ACTION ITEM
Leave out the pictures and retype, exactly, the lines below from the line with "The Burgenstock Electric" up to and including the line with "Cycle House Sports", nothing more.

SOURCE DATA

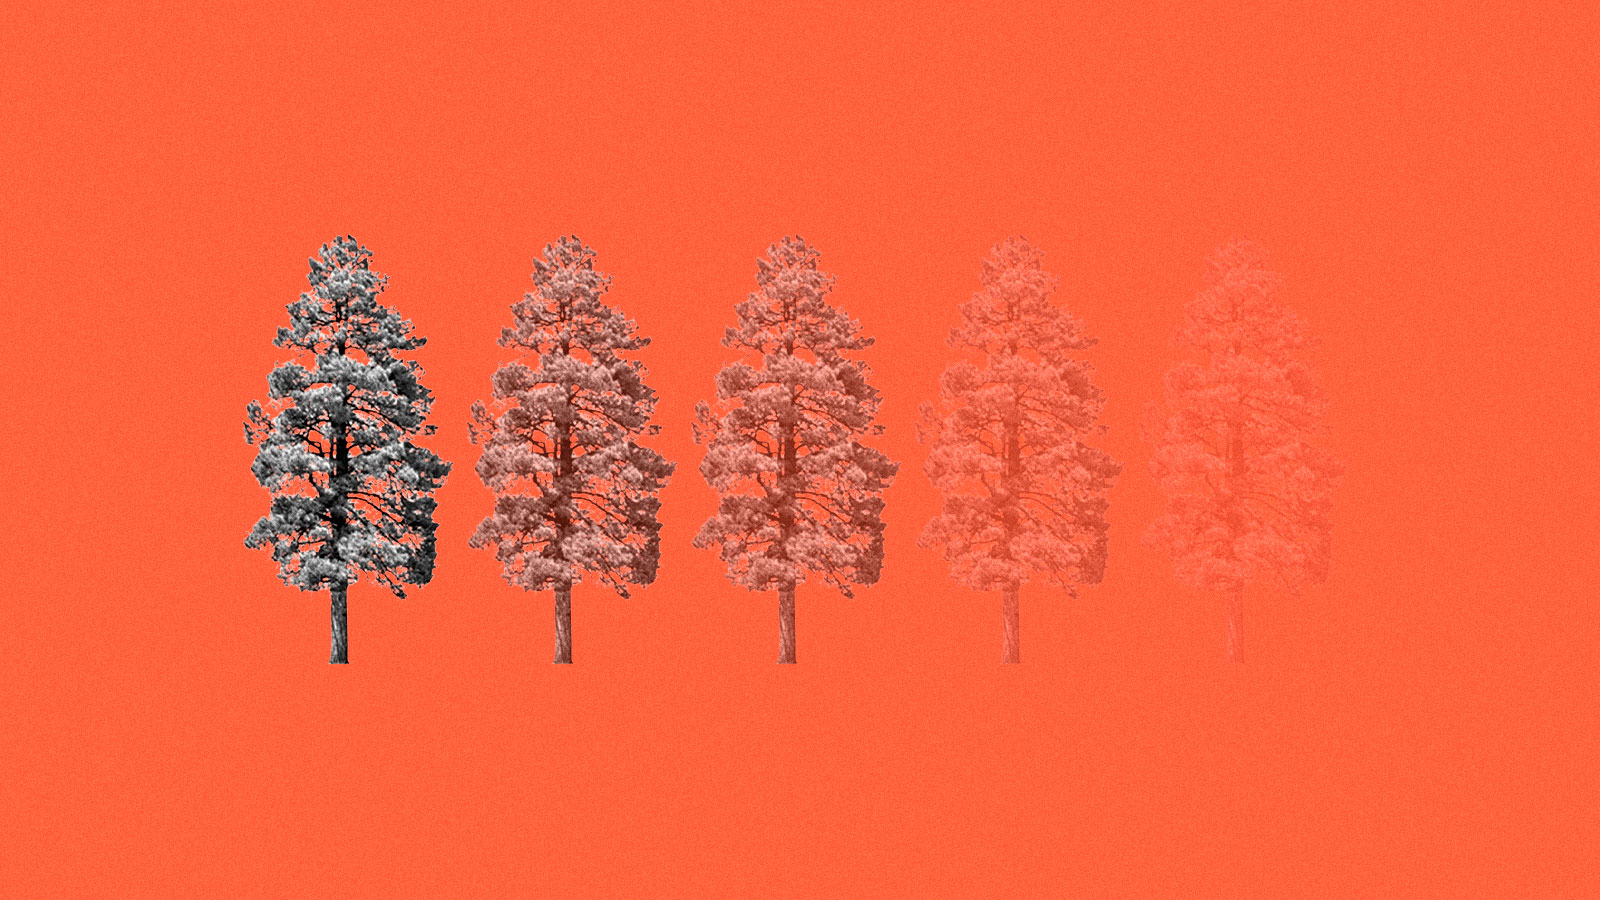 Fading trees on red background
==
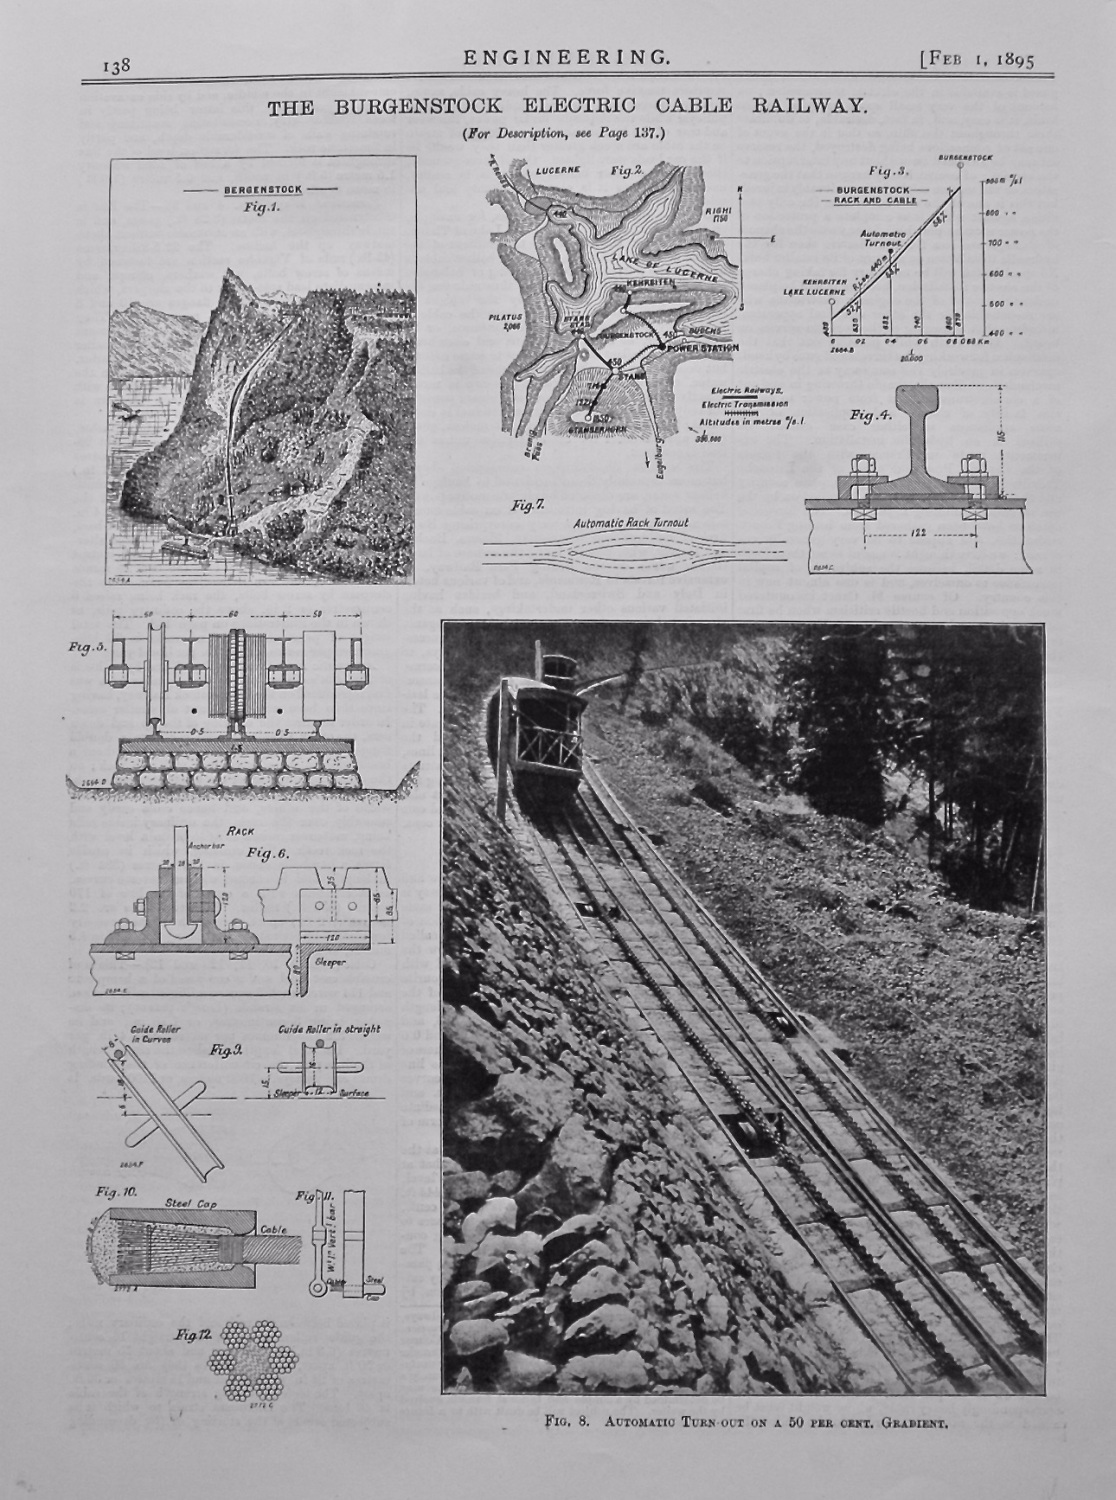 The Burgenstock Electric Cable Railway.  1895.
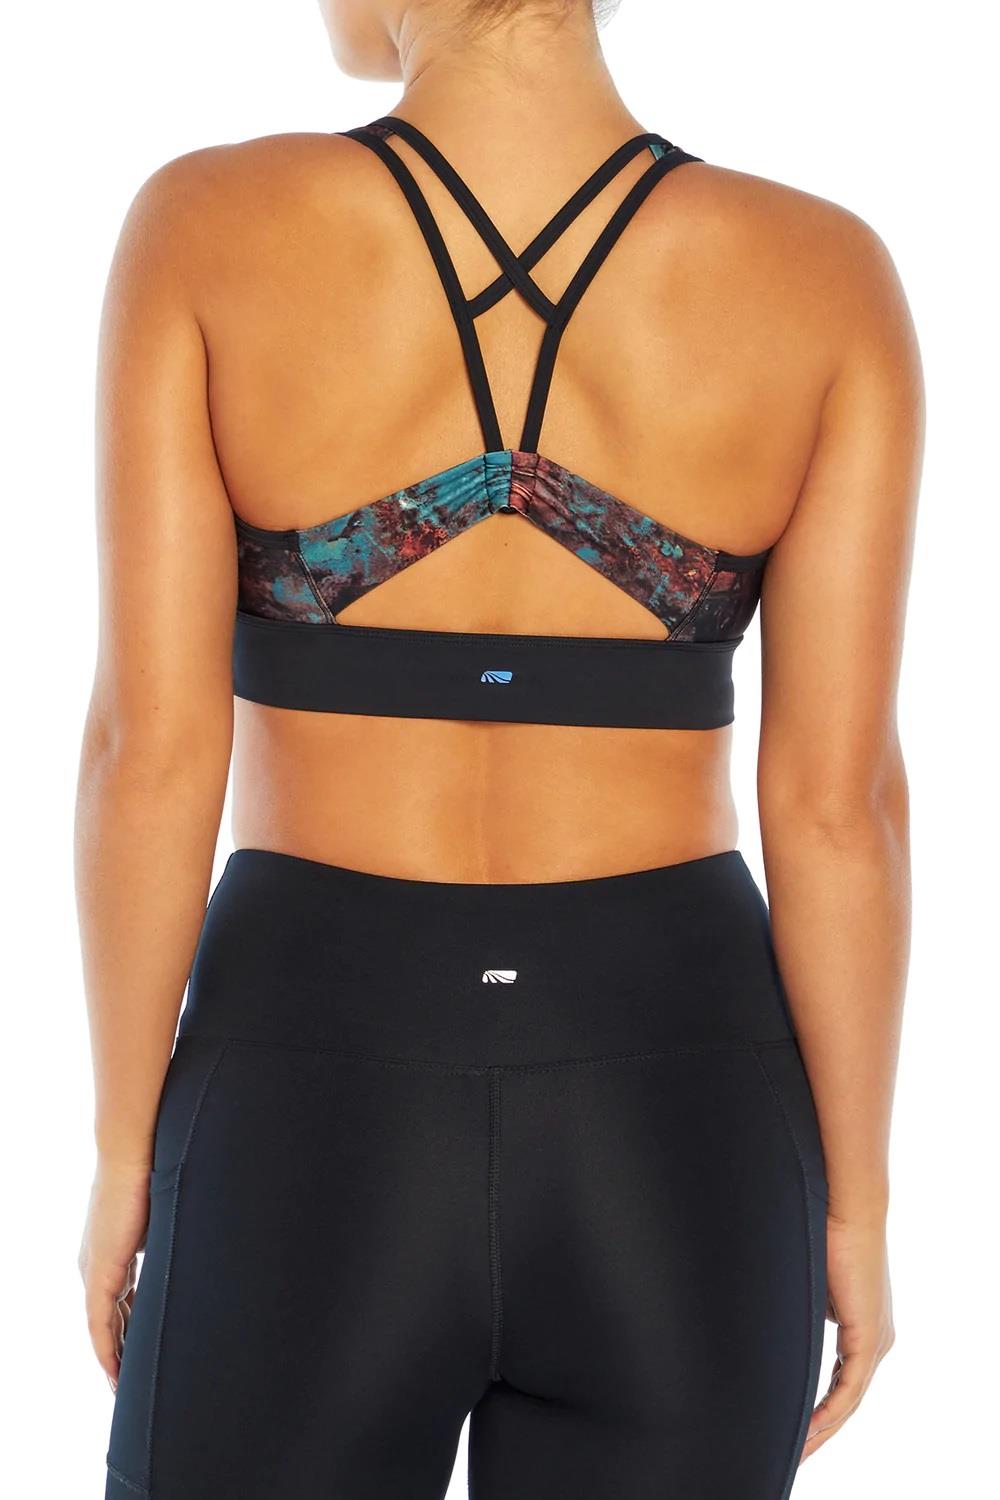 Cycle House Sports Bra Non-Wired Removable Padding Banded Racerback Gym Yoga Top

SOLUTION TO THIS PROBLEM
 The Burgenstock Electric Cable Railway.  1895.
 Cycle House Sports Bra Non-Wired Removable Padding Banded Racerback Gym Yoga Top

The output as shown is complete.